This wasn't the recovery room.
The last thing I remembered was the doctor's voice:
You'll sleep a little, and when you wake, the world will be waiting.
Well, it was.
But not the world I knew.
The air was thick with mold and rot. The faint flicker of firelight slipped through a grated door across the room. Stone walls bled dampness. I could smell old blood, dried, and something more primal.
My pulse kicked. "Hello?" I whispered. "Is someone there?"
No response.
Until I heard footsteps.
Heavy boots echoed against stone. The door creaked open.
A man stepped through-towering, broad, dressed in black leathers with a crimson sash and a silver emblem on his chest: a crescent moon coiled in serpents.
He didn't look like a doctor, or someone I'd recognize, or anything safe.
"You're awake," he said.
I stared, throat tight. "Where... where am I?"
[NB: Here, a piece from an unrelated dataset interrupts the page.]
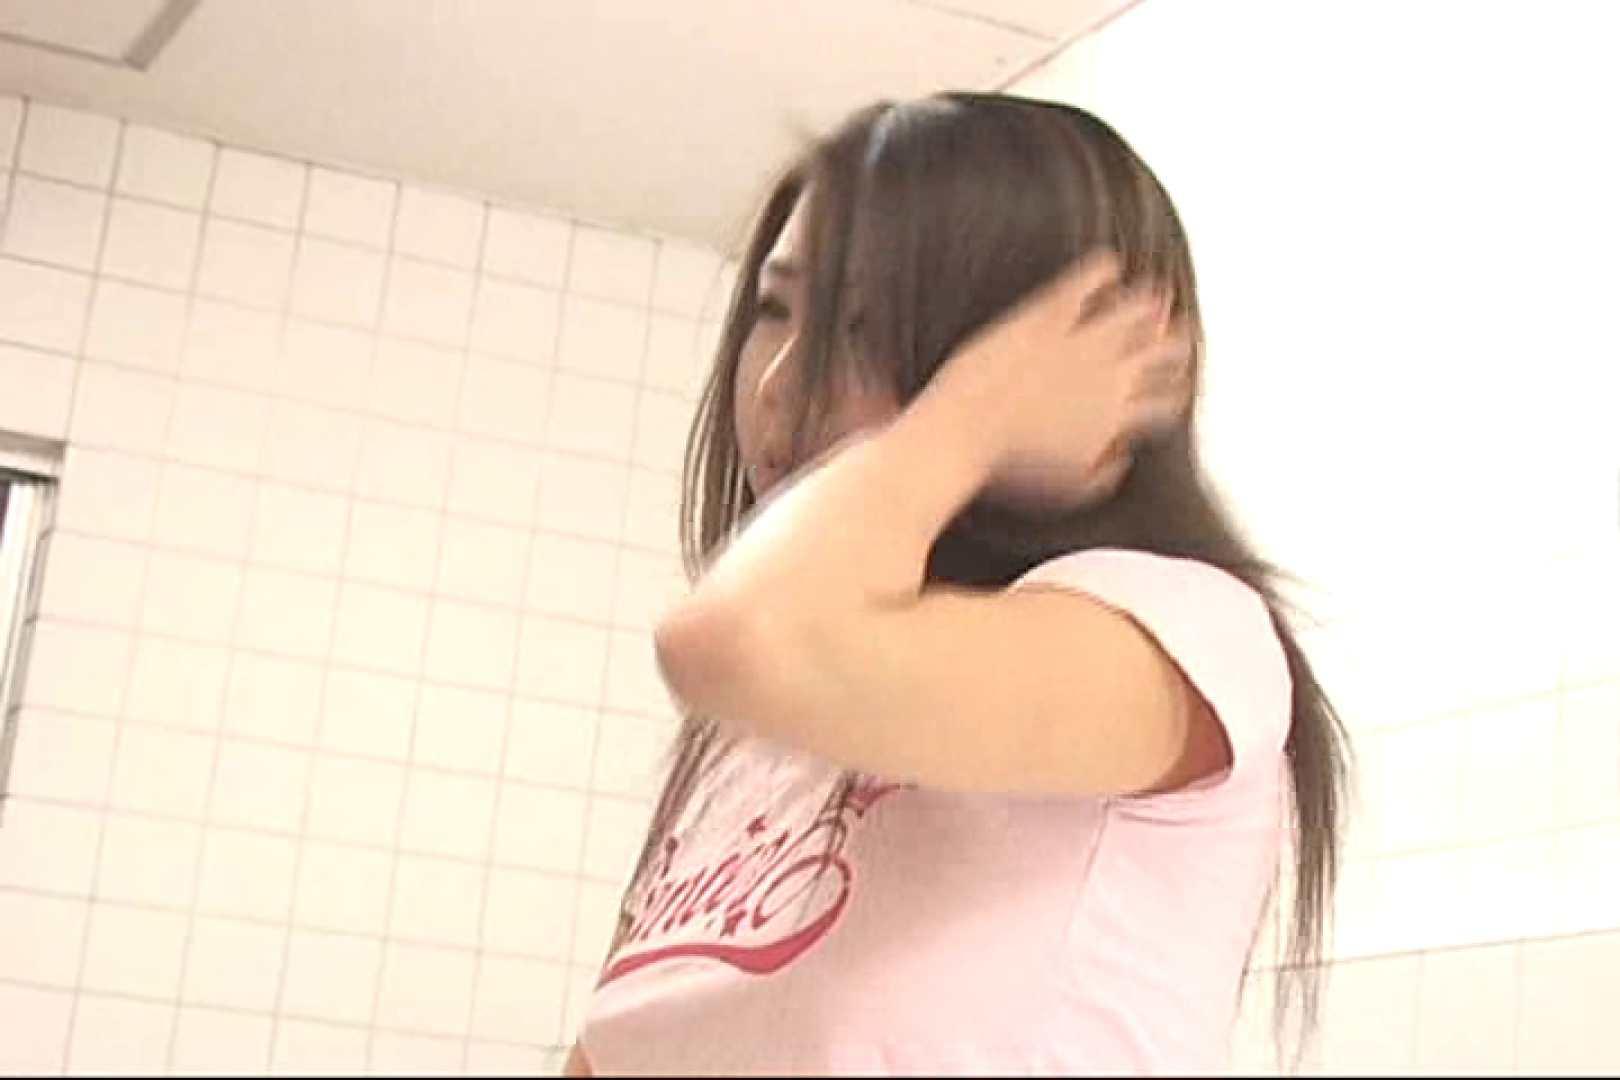 雑居ビル洗面所只今使用禁止中!Vol.4 ギャルのエロ動画  82画像 12

He didn't answer right away. Instead, he crouched just outside my reach and studied me like I was something strange, something beneath him.
"This is the Kingdom of Opsia," he finally said, his tone flat, distant.
Opsia? I'd heard the name in whispers, in nightmares.
"There's a mistake," I croaked. "I shouldn't be here. Please - there has to be a mistake."
He tilted his head. "Everyone says that at first."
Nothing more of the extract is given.